◆ EXERCISE DESCRIPTION
Range to reproduce from the entries below: the line with "KiK - biuro księgowe on Branding Served", the line with "Déjeuner à l'hôtel 5 étoiles Burj Al Arab", and every line in between. Give them exactly and give nothing else.

◆ INFORMATION PROVIDED
= = = =

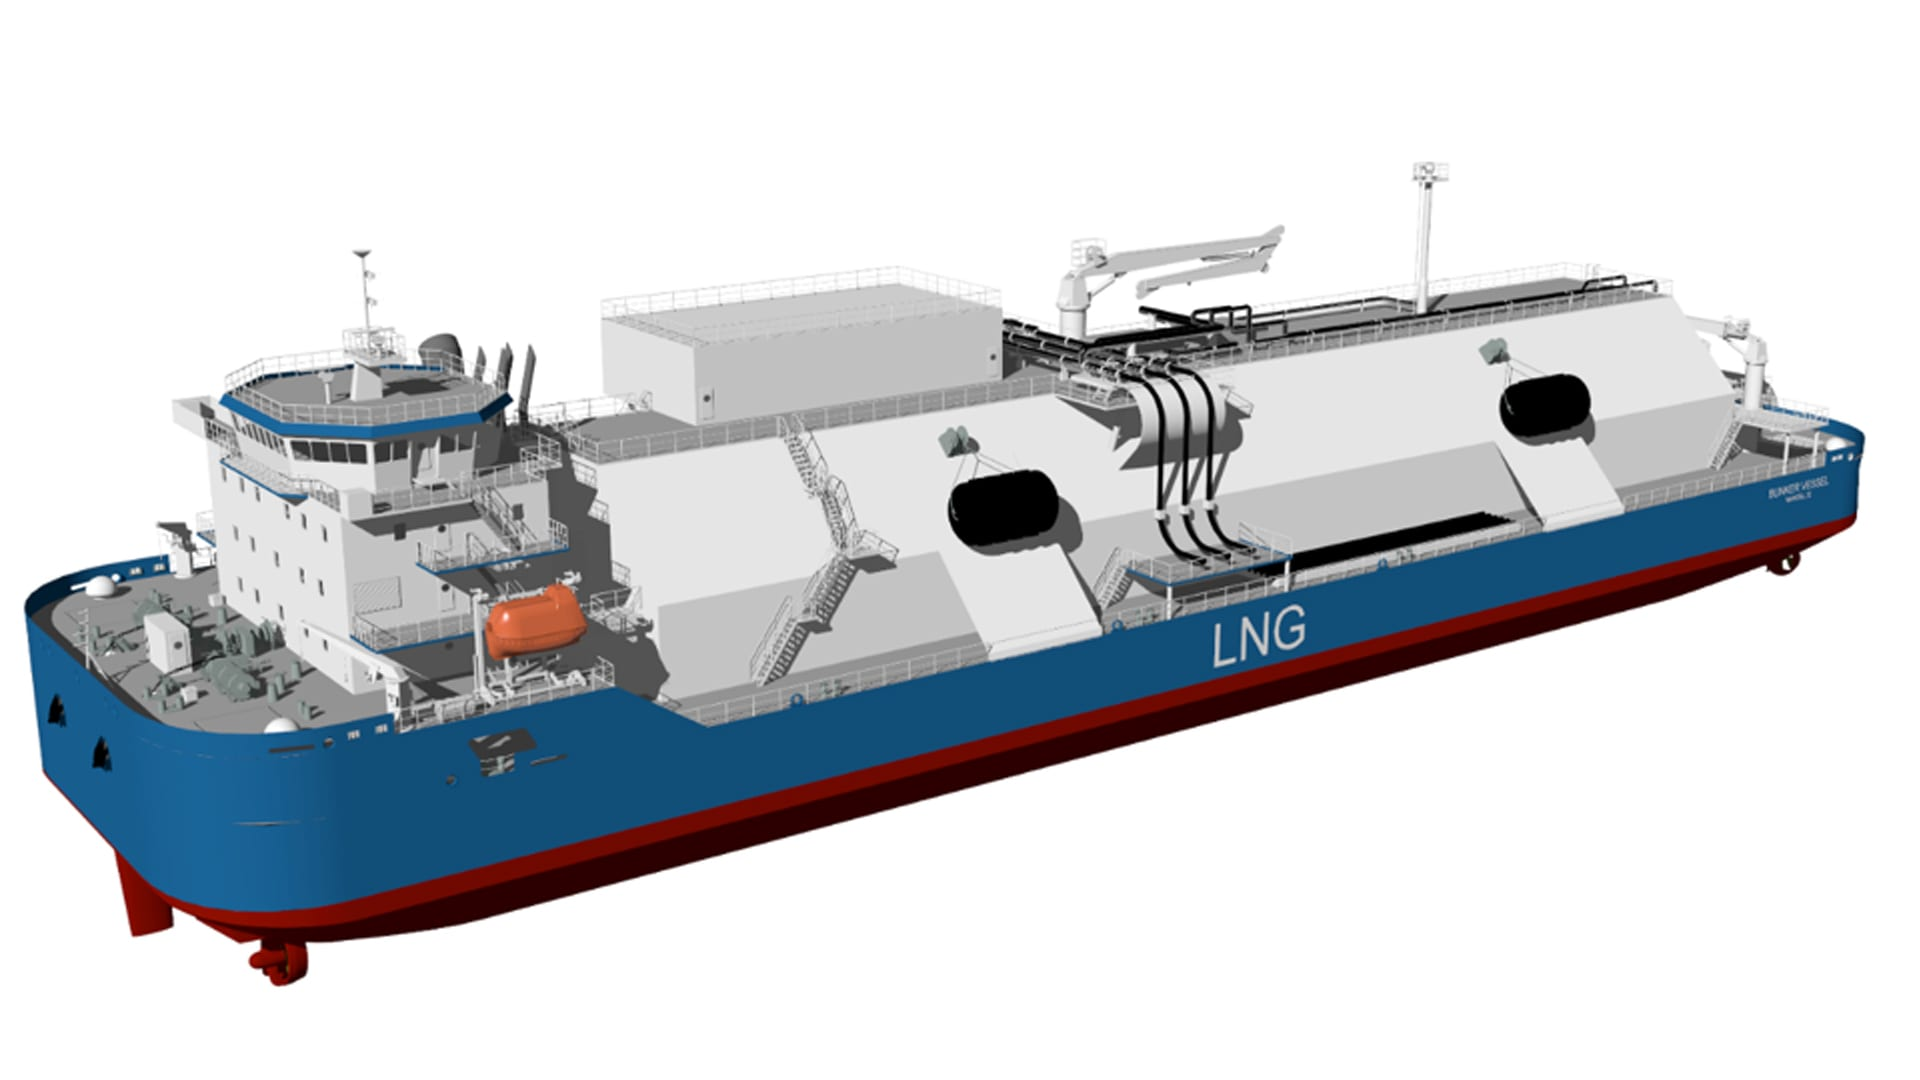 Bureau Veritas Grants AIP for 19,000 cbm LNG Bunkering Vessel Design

= = = =

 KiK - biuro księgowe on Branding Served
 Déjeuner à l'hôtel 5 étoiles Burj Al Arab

= = = =

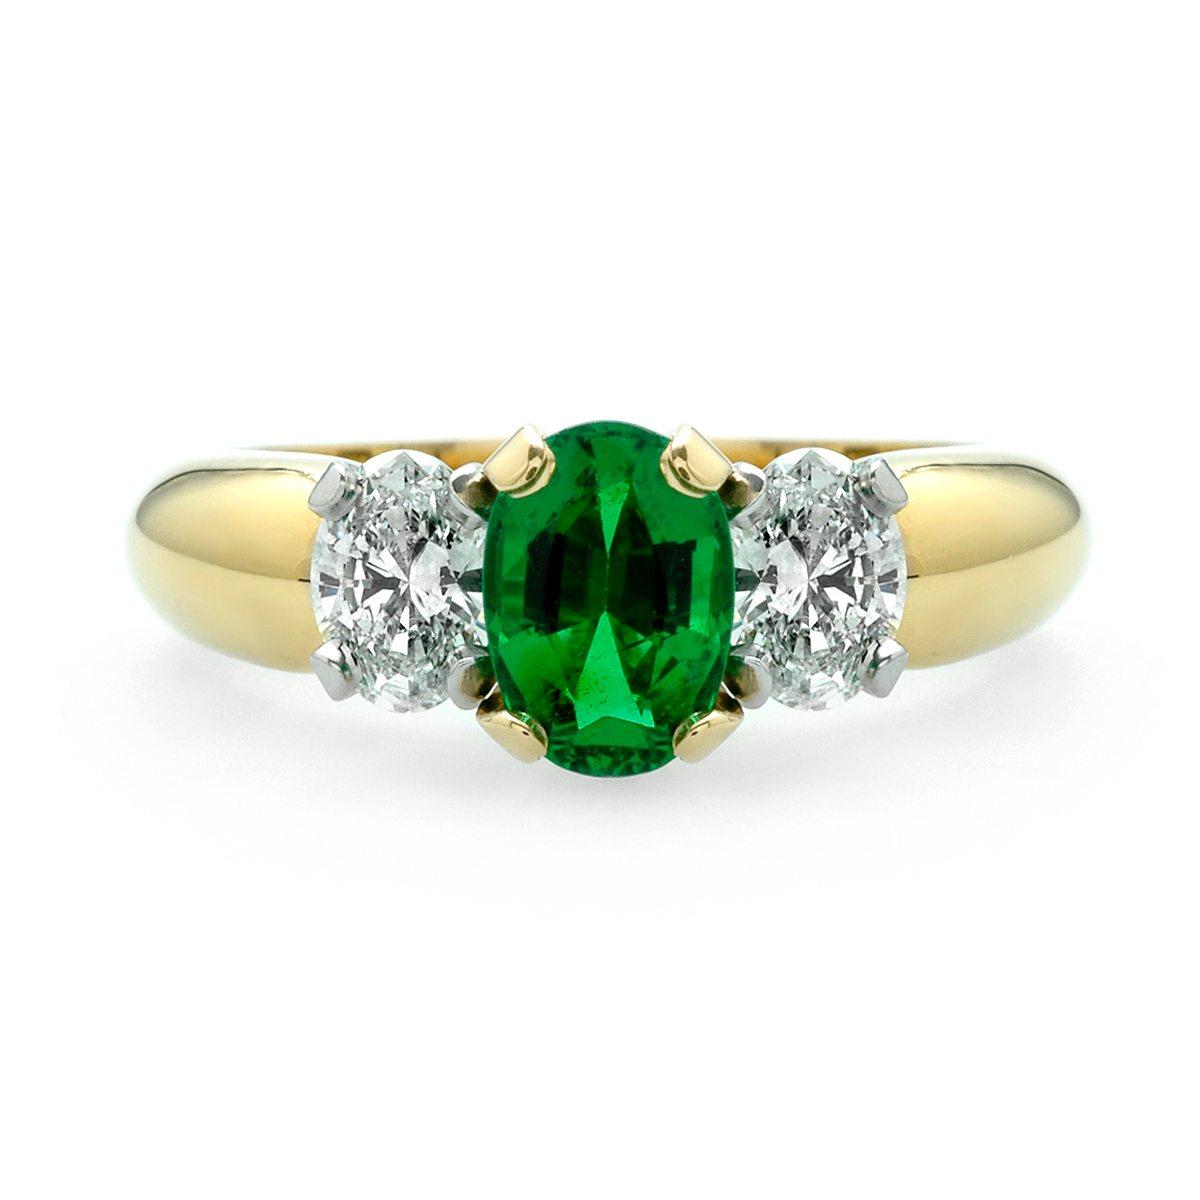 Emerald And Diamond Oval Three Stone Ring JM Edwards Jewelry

= = = =

◆ ANSWER TO THE PROBLEM
 KiK - biuro księgowe on Branding Served
 Déjeuner à l'hôtel 5 étoiles Burj Al Arab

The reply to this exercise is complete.